» **Given records**:

---

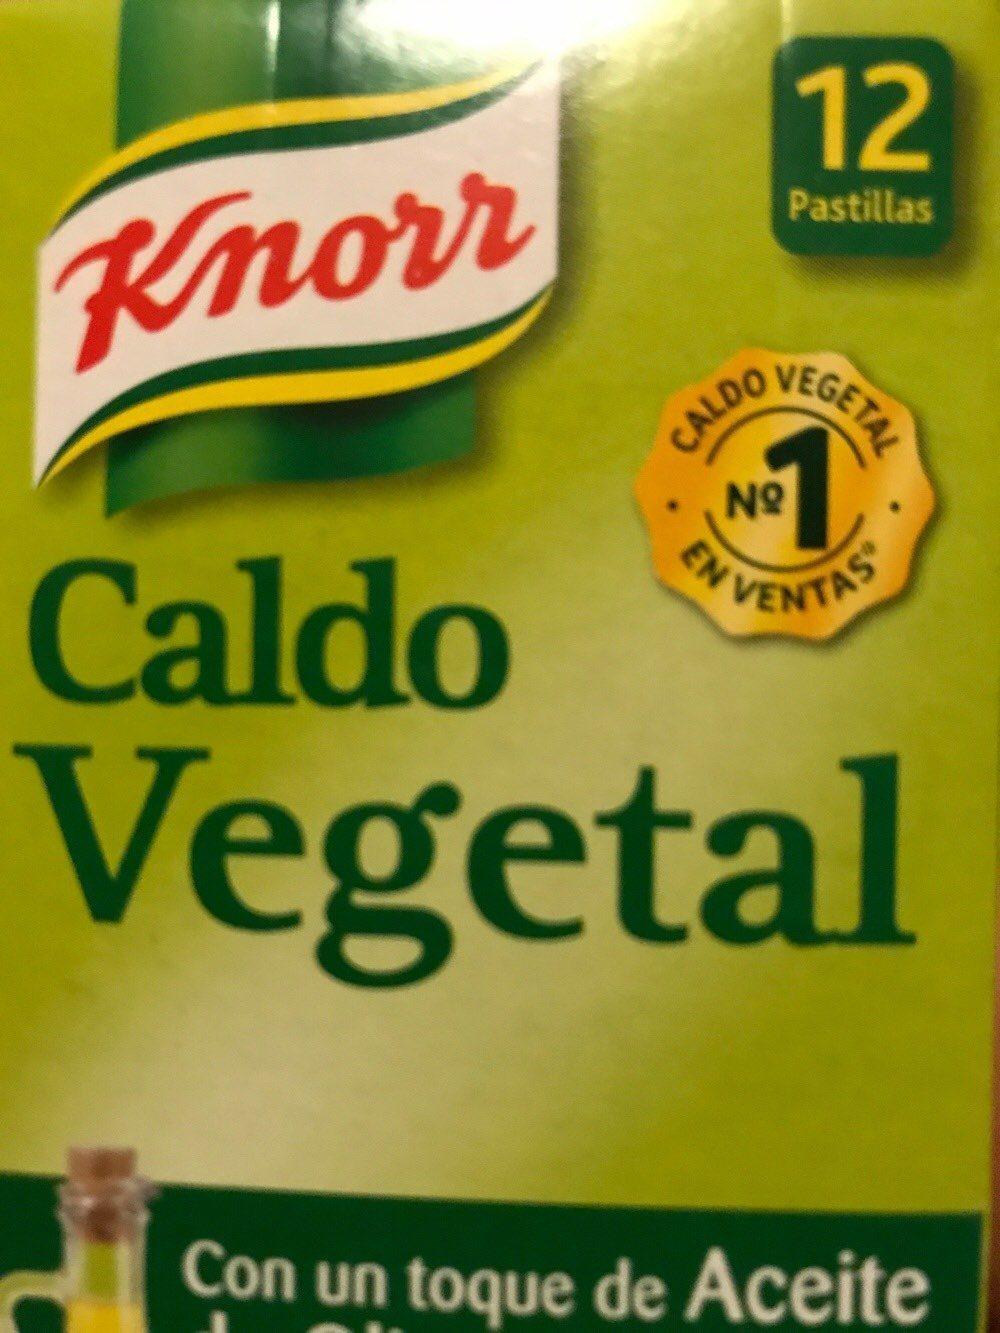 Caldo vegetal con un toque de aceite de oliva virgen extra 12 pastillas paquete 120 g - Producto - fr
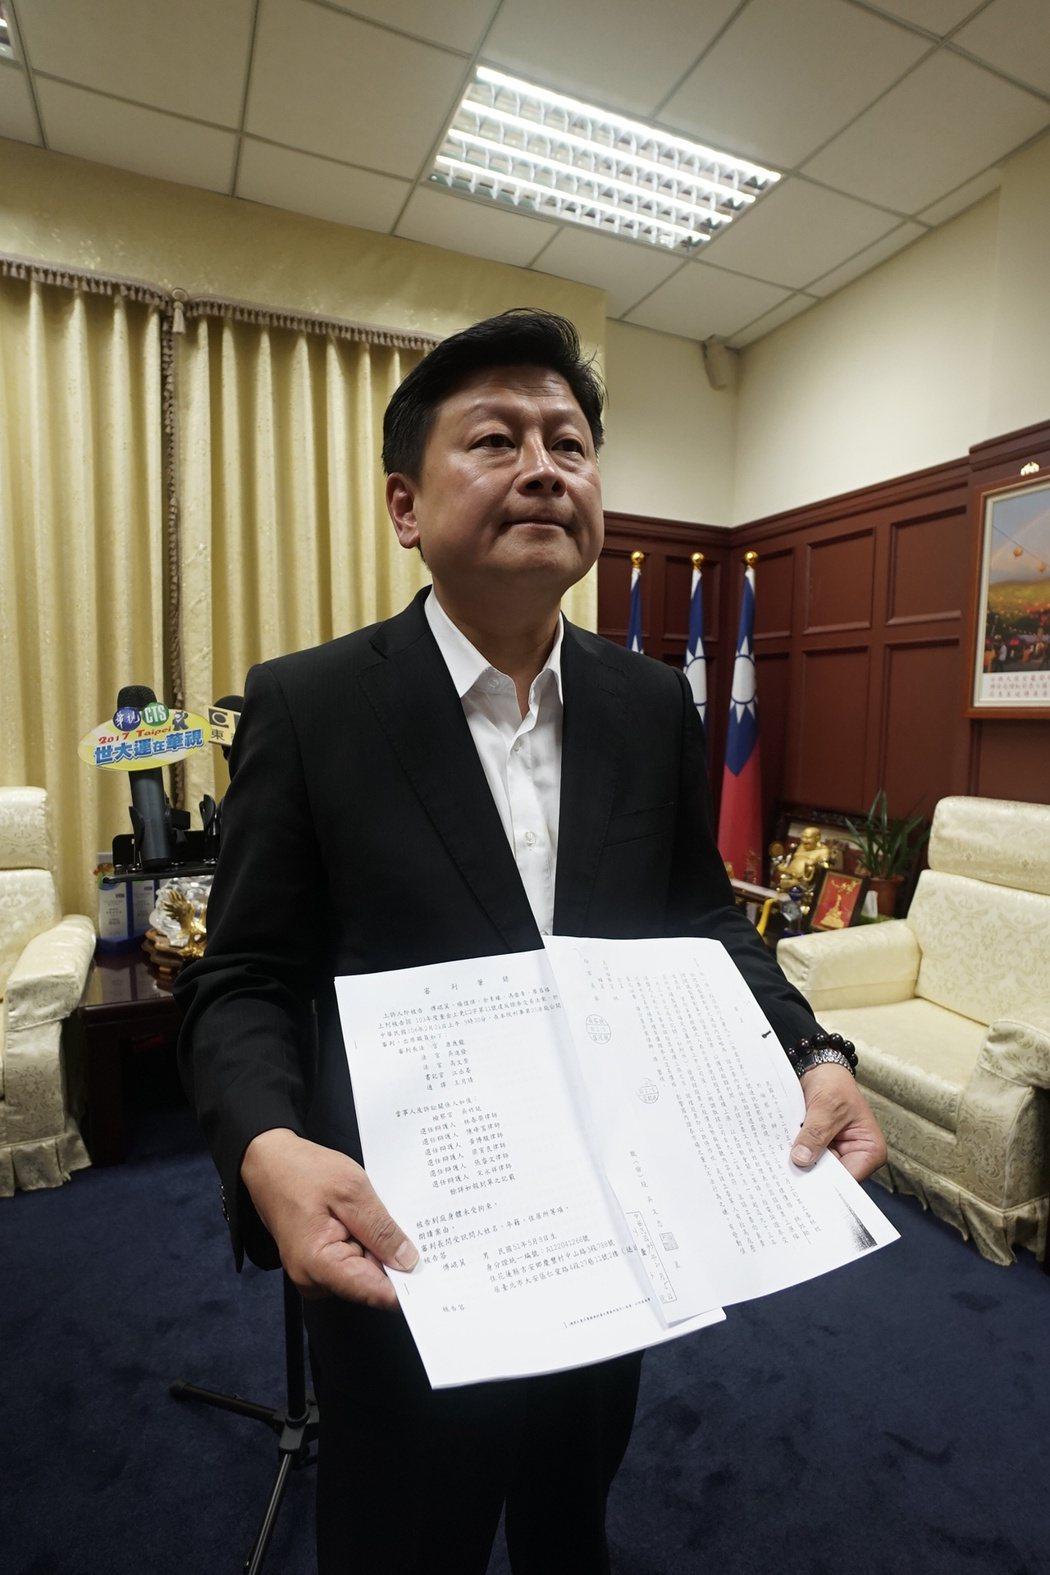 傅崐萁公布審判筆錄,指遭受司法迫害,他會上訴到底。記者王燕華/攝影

---

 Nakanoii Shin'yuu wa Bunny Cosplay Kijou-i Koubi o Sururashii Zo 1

---

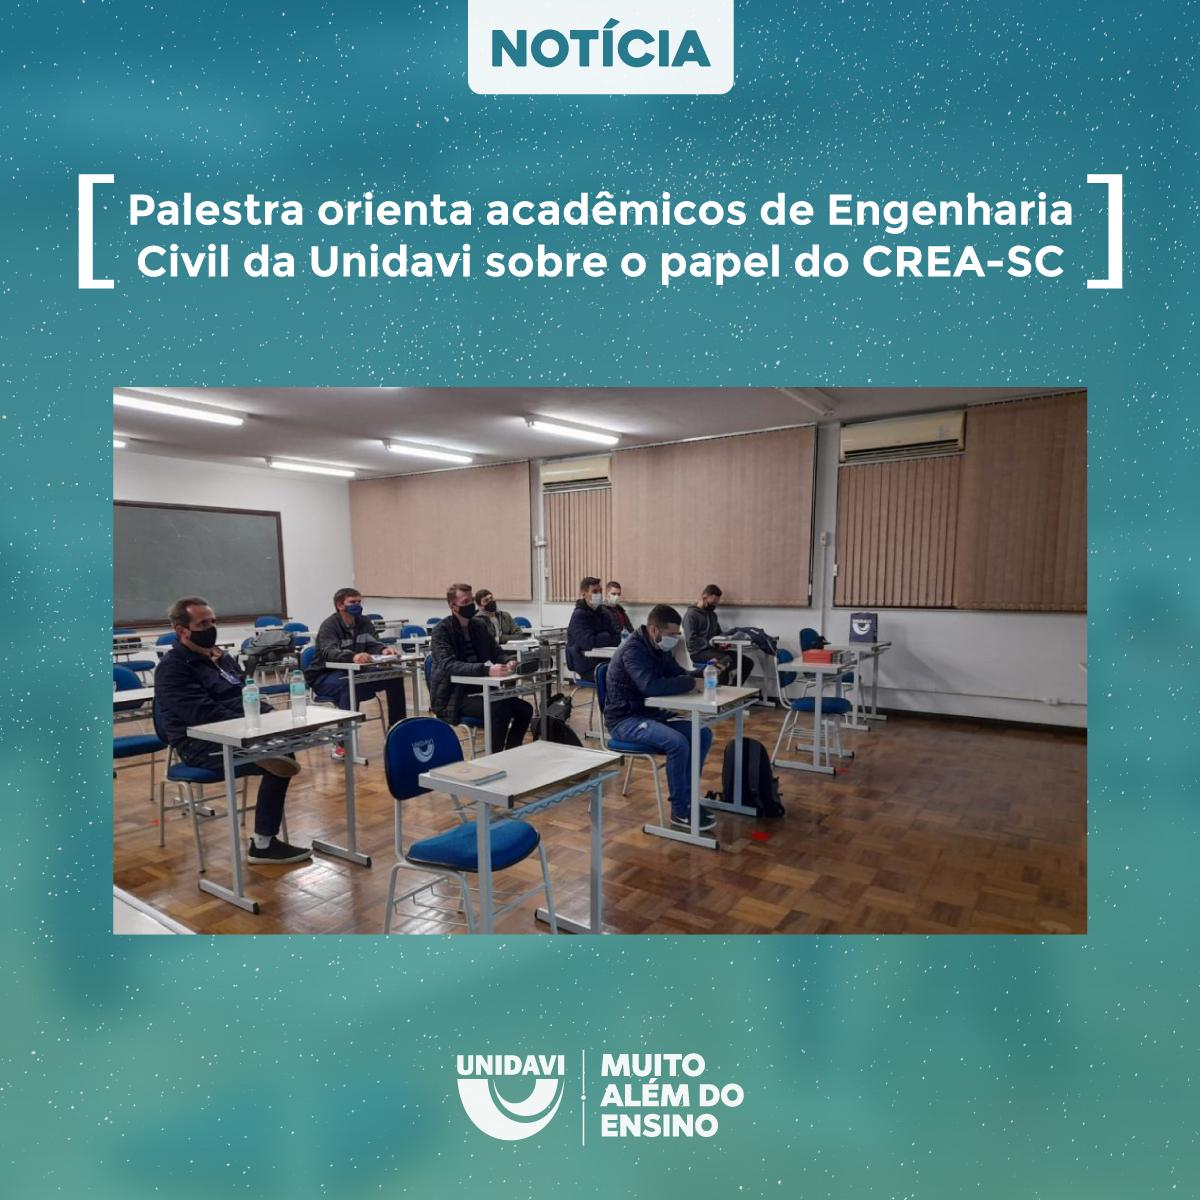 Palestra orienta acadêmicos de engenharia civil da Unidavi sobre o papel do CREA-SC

---

» **Action item**:
For the entries above, print exactly the lines between the one with "Caldo vegetal con" and the one with "傅崐萁公布審判筆錄,指遭受司法迫害,他會上訴到底。記者王燕華/攝影", inclusive, with no pictures.

» **Completed exercise**:
 Caldo vegetal con un toque de aceite de oliva virgen extra 12 pastillas paquete 120 g - Producto - fr
 傅崐萁公布審判筆錄,指遭受司法迫害,他會上訴到底。記者王燕華/攝影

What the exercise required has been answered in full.